Rom (kath.net/KAP) Die italienische Finanzpolizei will im Zuge der Ermittlungen gegen den früheren vatikanischen Rechnungsprüfer Nunzio Scarano nach Medienberichten auch die Räumlichkeiten der Vatikanbank IOR durchsuchen. Das italienische Justizministerium habe ein entsprechendes Rechtshilfeersuchen an den Vatikan gerichtet. Es gehe um fingierte Schenkungen einer Offshore-Gesellschaft, die von Scarano über Konten des vatikanischen Geldinstituts abgewickelt worden sein sollen, so die Berichte vom Dienstag. Demnach wurde Scarano am Morgen abermals verhaftet. Haftbefehle wegen der mutmaßlichen Scheinschenkungen ergingen auch gegen den Priester Luigi Noli und den Notar Bruno Frauenfelder.


Ein Sprecher der Vatikanbank sagte am Dienstag, das Geldinstitut habe "voll kooperiert". So habe man im Juli einen Bericht über die Transaktionen Scaranos in den vergangenen zehn Jahren an die vatikanische Finanzaufsicht AIF weitergeleitet. Insgesamt handelt es sich den Angaben zufolge um sieben Millionen Euro. "Wir haben alles getan, was man tun muss", so der Sprecher. Die vatikanische Justiz habe alle Gelder Scaranos beim IOR seit mehreren Monaten eingefroren. Die vatikanische Finanzaufsichtsbehörde hatte mit ihrem italienischen Pendant im einen Informationsaustausch vereinbart.
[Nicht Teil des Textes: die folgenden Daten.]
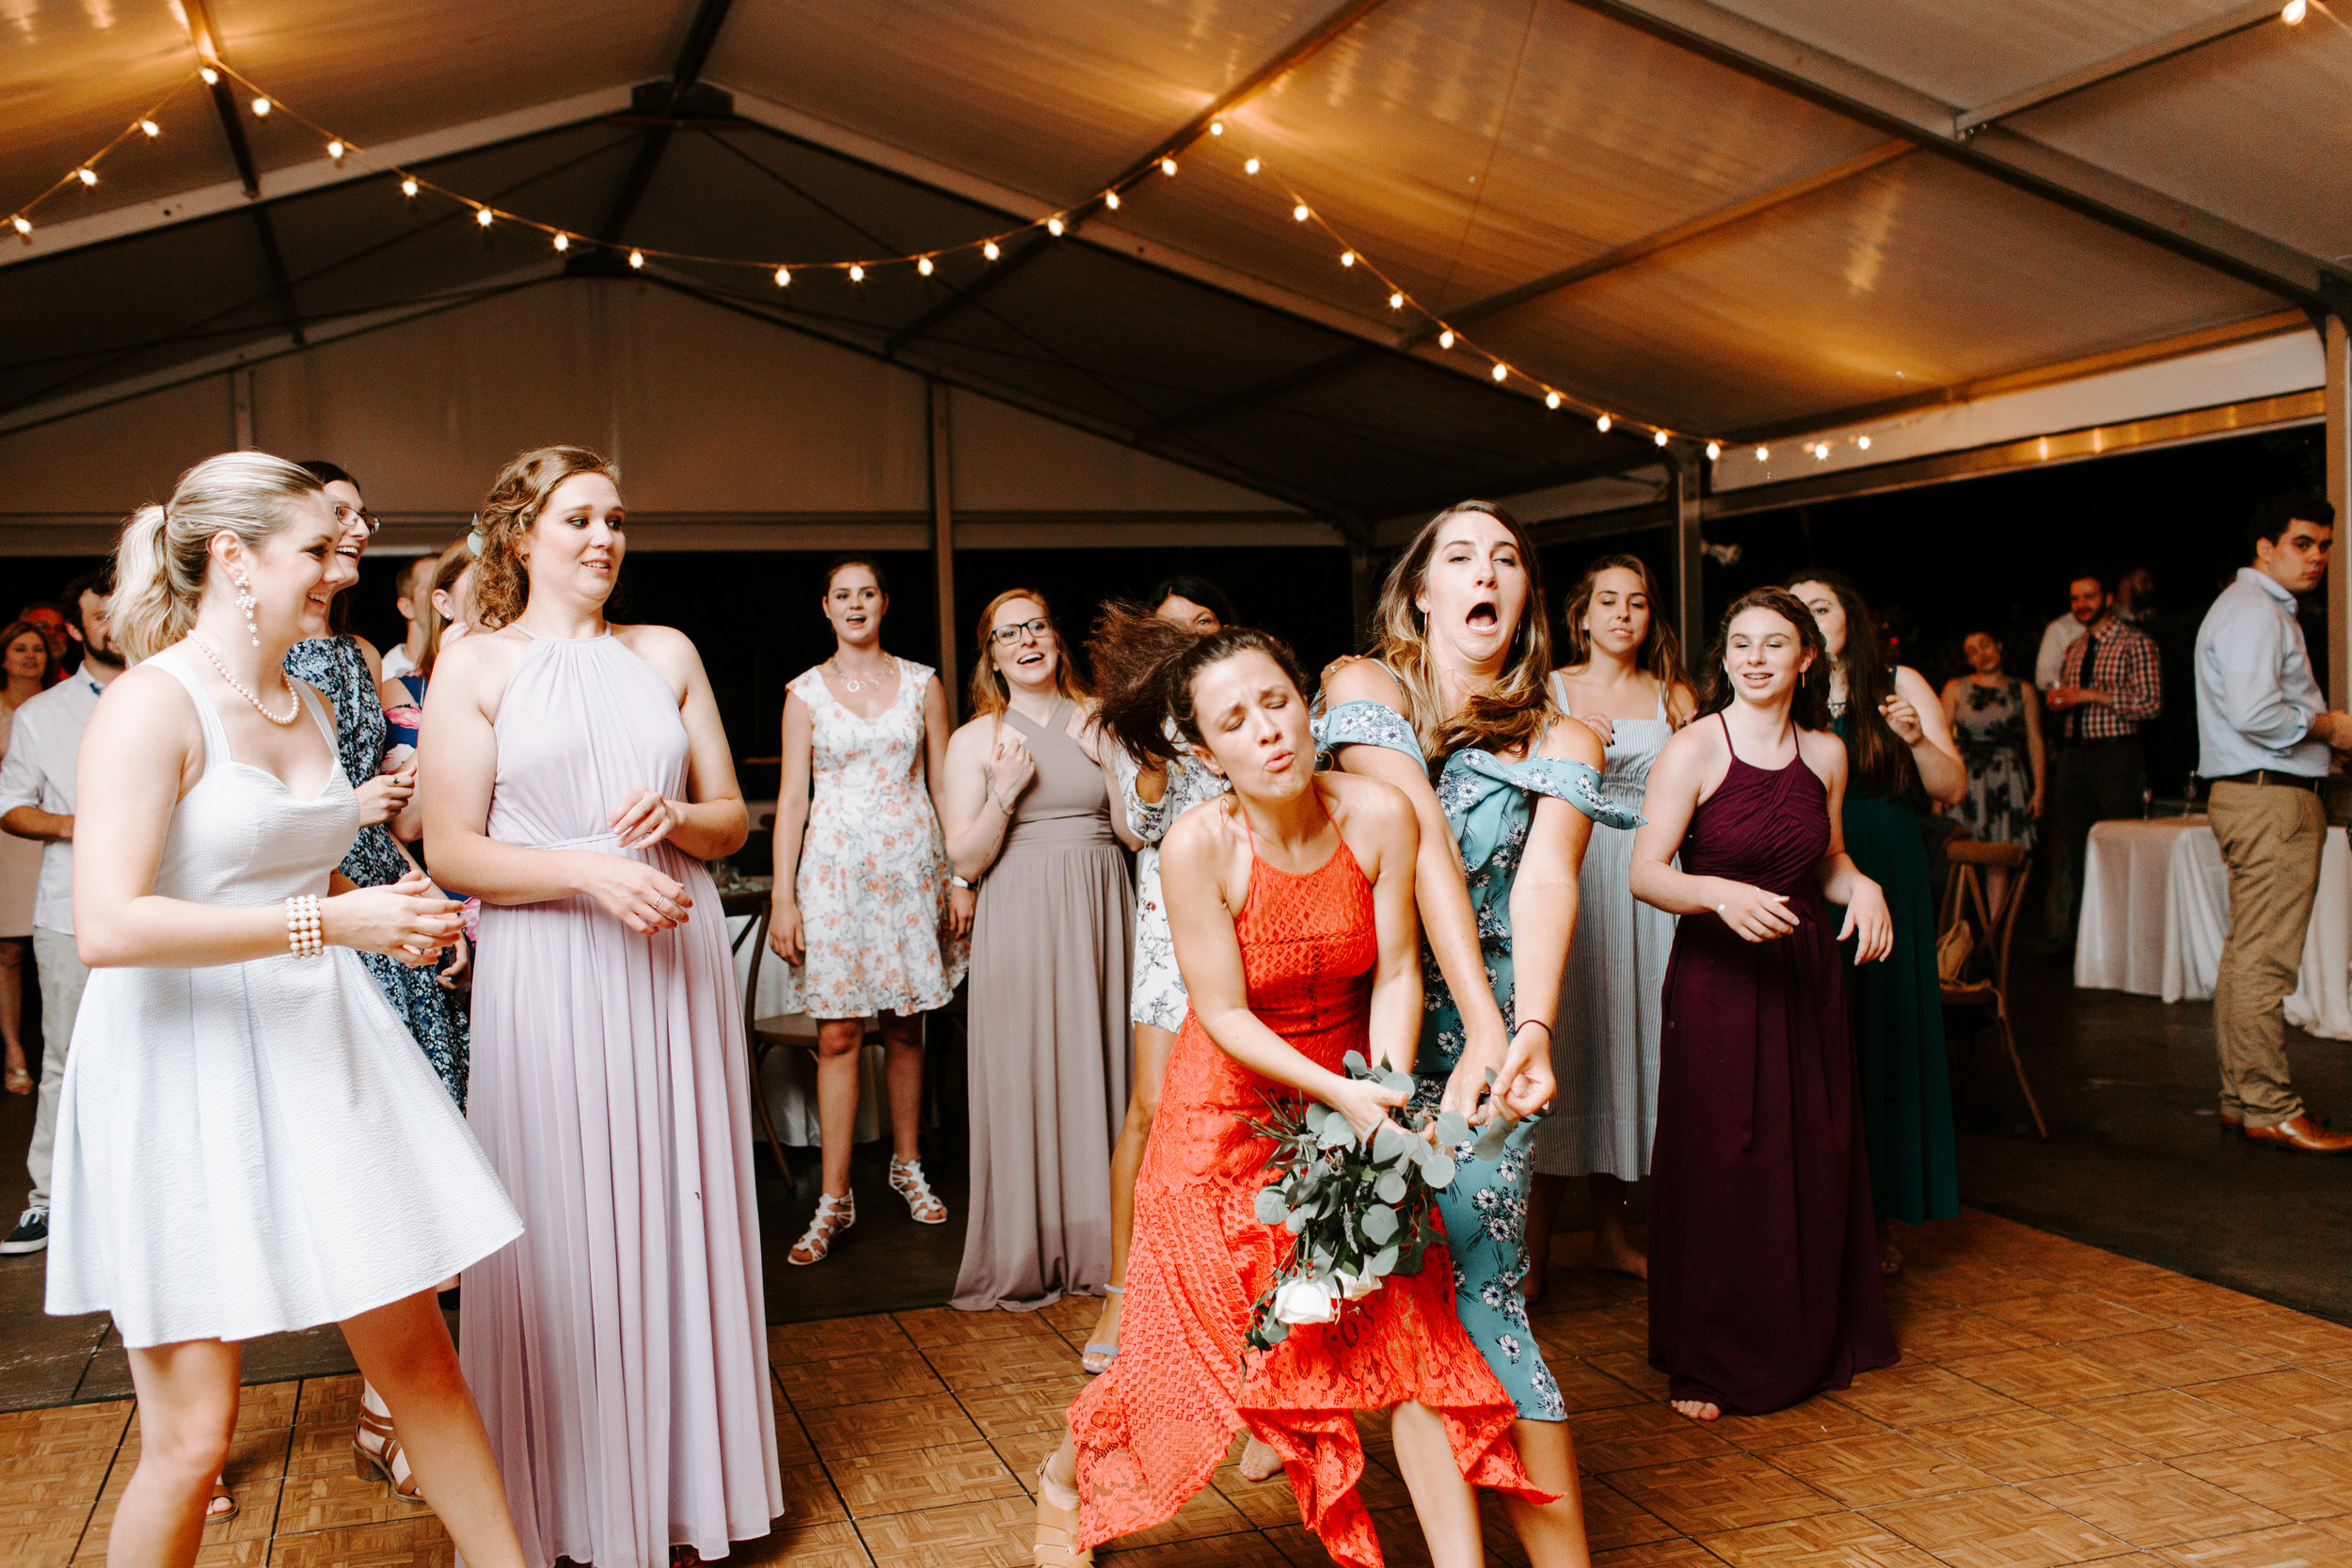 knoxville-wedding-photographer-243.JPG
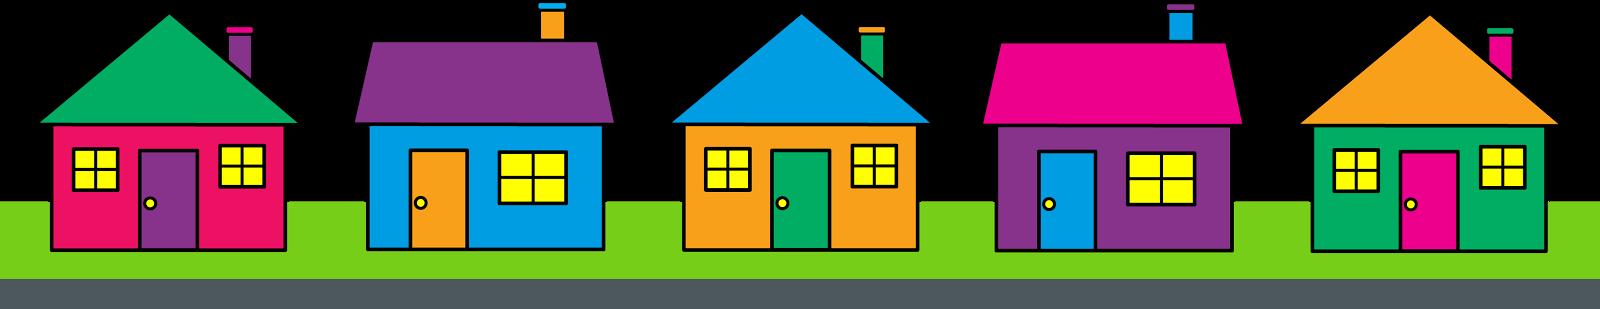 Neighborhood house clipart jpg free stock The Settlement on Wilmington jpg free stock

Scarano, Rechnungsprüfer der vatikanischen Güterverwaltung Apsa, war im Juni wegen des Verdachts auf Betrug, Korruption und Verleumdung von der italienischen Polizei festgenommen worden. Daraufhin leitete auch die vatikanische Justiz Ermittlungen ein und stellte erstmals ein Rechtshilfeersuchen an Italien.

Dem vatikanischen Rechnungsprüfer wird unter anderem die Mitwirkung an einem versuchten Schmuggel von 20 Millionen Euro von der Schweiz nach Italien vorgeworfen. Wegen gesundheitlicher Beschwerden war er vom Gefängnis in ein Krankenhaus und später in ein Pflegeheim verbracht worden. Zuletzt stand er in seiner Heimatstadt Salerno unter Hausarrest.

Scarano sei nach der erneuten Verhaftung in einer depressiven Verfassung, sagte sein Anwalt Silverio Sica laut den Berichten. Er habe deshalb den Besuch eines Psychiaters bei seinem Mandanten beantragt.

Copyright 2013 Katholische Presseagentur, Wien, Österreich
Alle Rechte vorbehalten.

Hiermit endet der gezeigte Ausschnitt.